Atticus is one of few that sees clearly through the fog hovering over Maycomb County. Ignoring the crude and unsupportive comments thrown at him from Maycomb citizens, Atticus takes Tom's case and explains that if he didn't he would not be able to hold his head up in town. Surrounded by a mob of conformity and intolerance, one sees that Atticus' ability to pursue the right course is unwavering. It seems as though in a town of foggy-minded citizens, Atticus is the lone voice of reason. Like Atticus, Miss Maudie also sees through the fog, and during a ladies luncheon silences Mrs. Merriweather's remarks on Atticus' "misguided" decision to defend Tom Robinson. It is apparent that Miss Maudie shares many of the same opinions and values as Atticus. One might compare her to the female equivalent of Atticus, again the lone voice of reason. It takes a great deal of courage to stand up to one's enemies, but a great deal more to stand up to one's friends, both Atticus and Miss Maudie have the strength of character to do just this.
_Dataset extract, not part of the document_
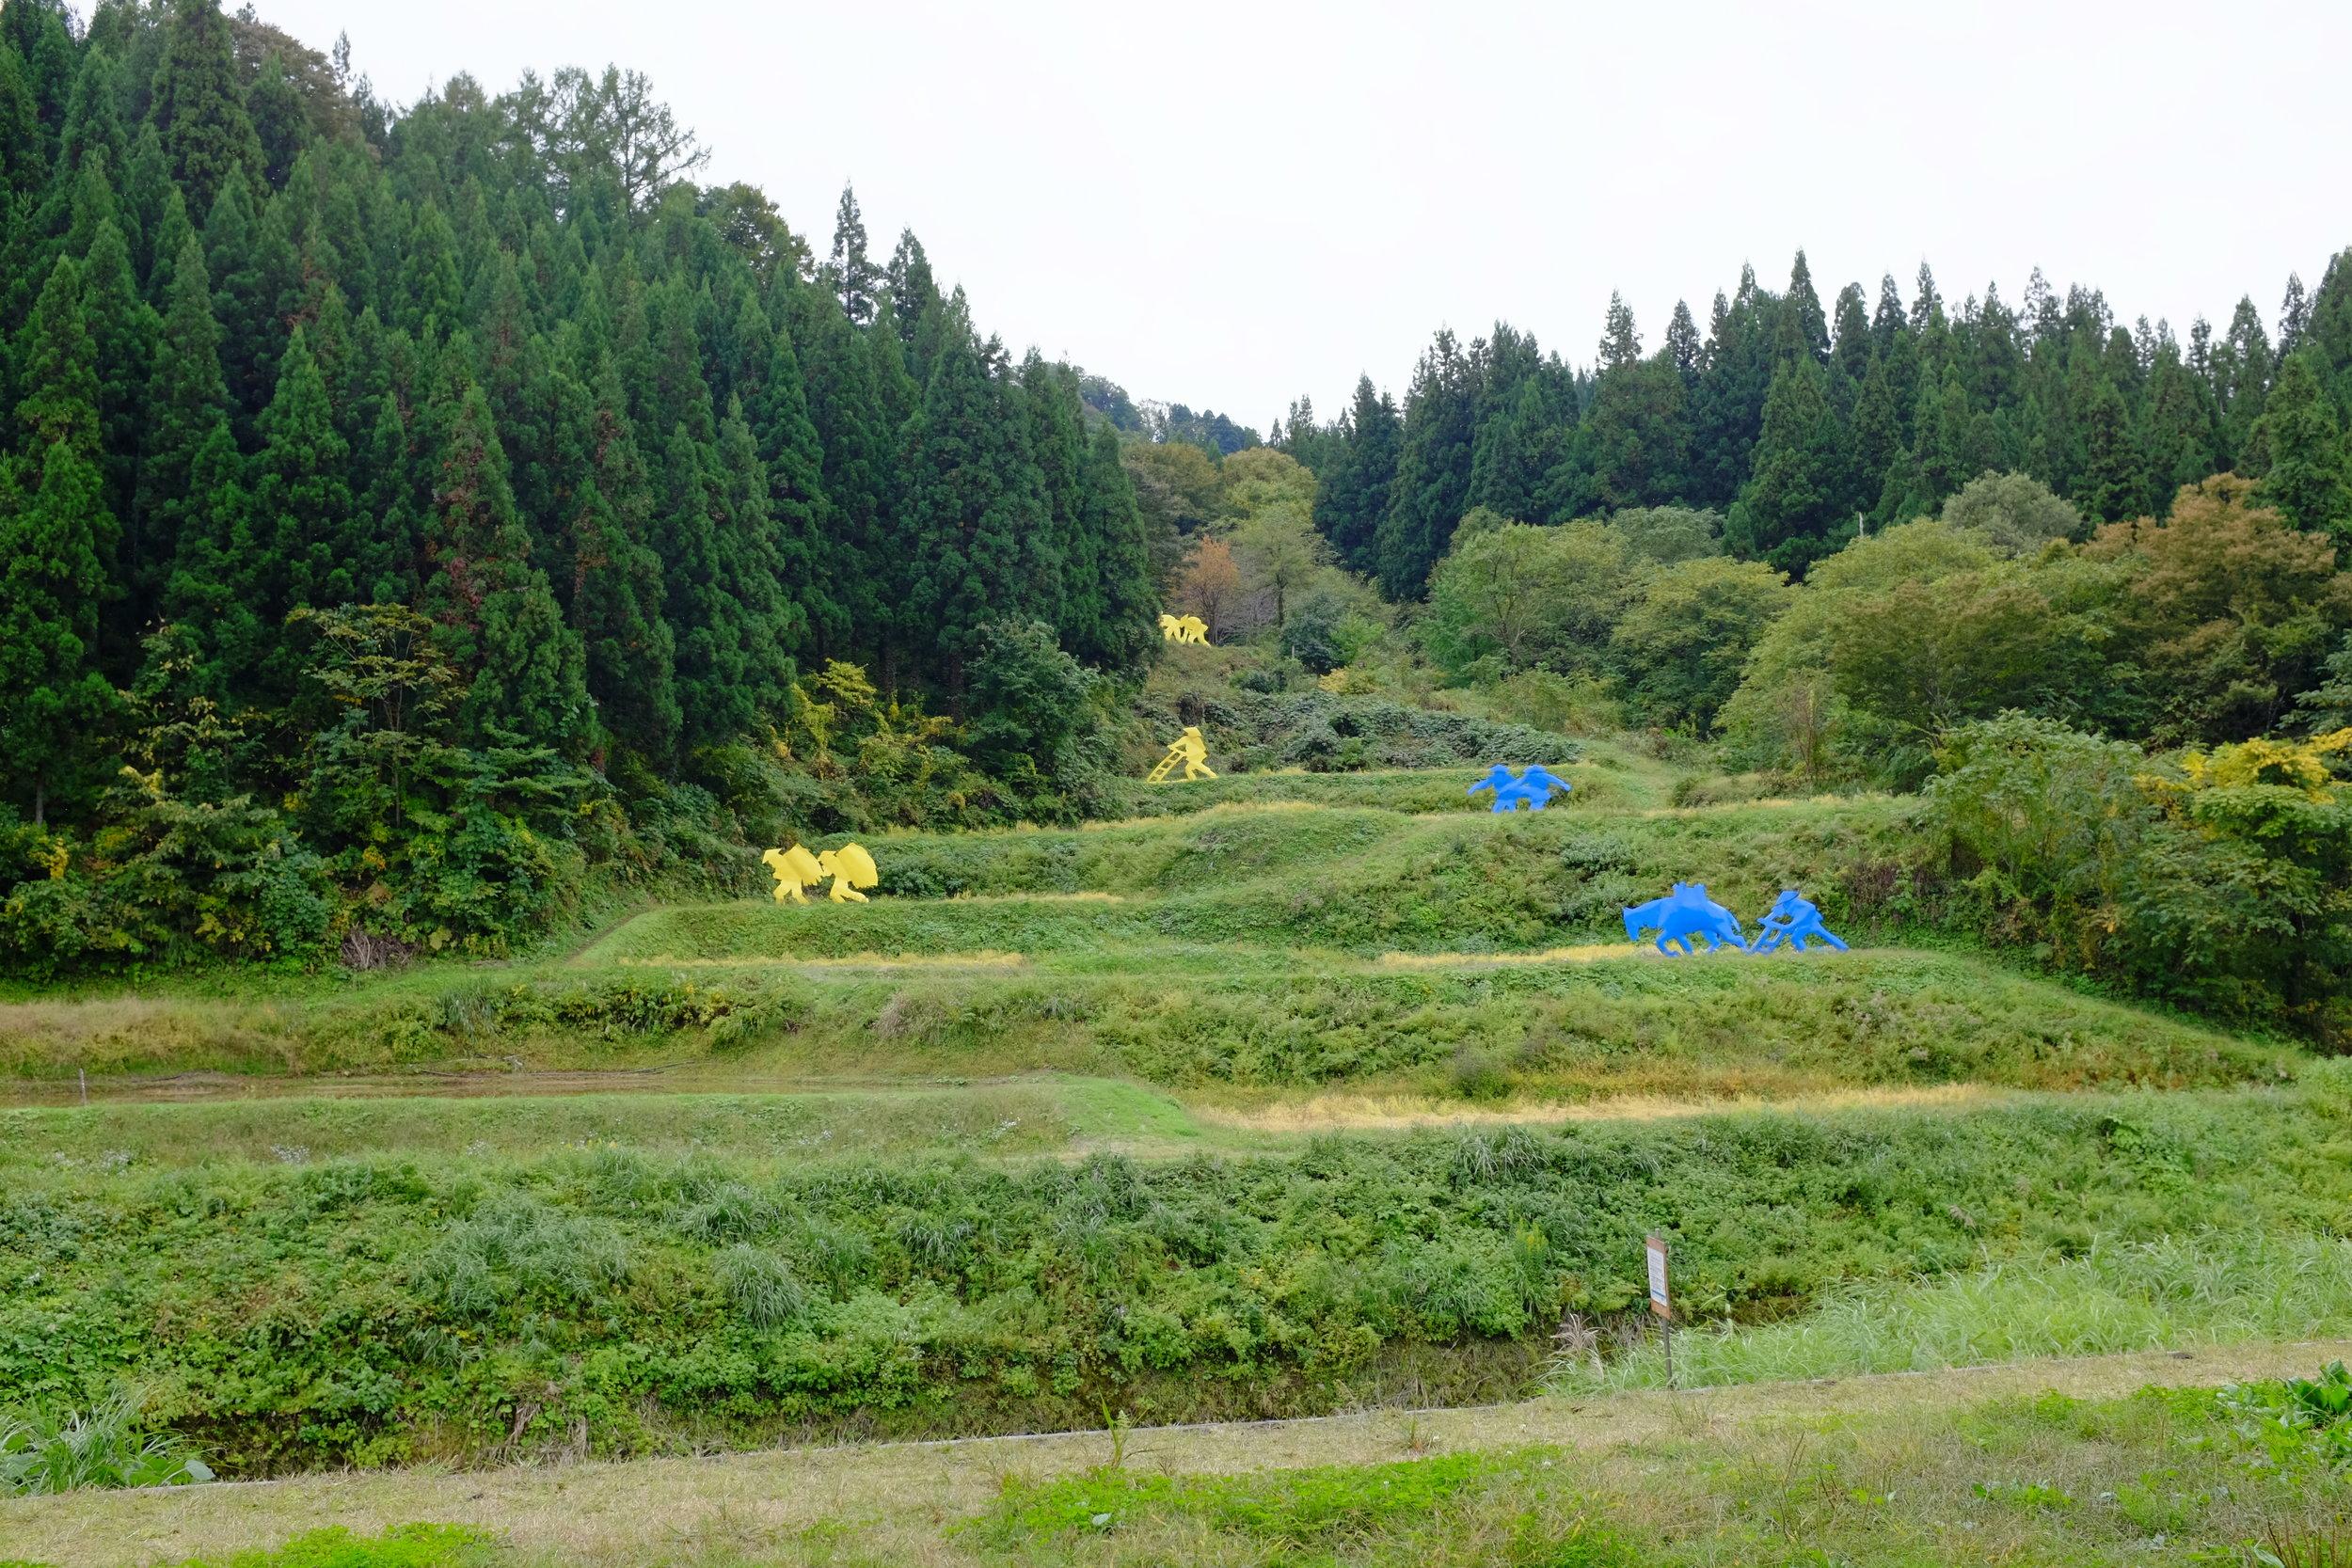 The Rice Field, by Ilya and Emilia Kabakov, at the Echigo-Tsumari Art Field.

Courage comes in many different shapes, while having the courage to fight for what's right is one, having the courage to fight temptation is another. Knowing she was "licked" before she began, Mrs. Dubose resists her yearnings for morphine and dies "beholden to nothing and nobody" (p. 112), winning the epic battle of will power over temptation. Although, the author paints a very ugly portrait of Mrs. Dubose, one sees a silver lining in her strength and self-motivation. It seems that Mrs. Dubose's lesson of bravery was remembered over her cruel and hideous remarks. Similar to Mrs. Dubose's fight with temptation, Scout...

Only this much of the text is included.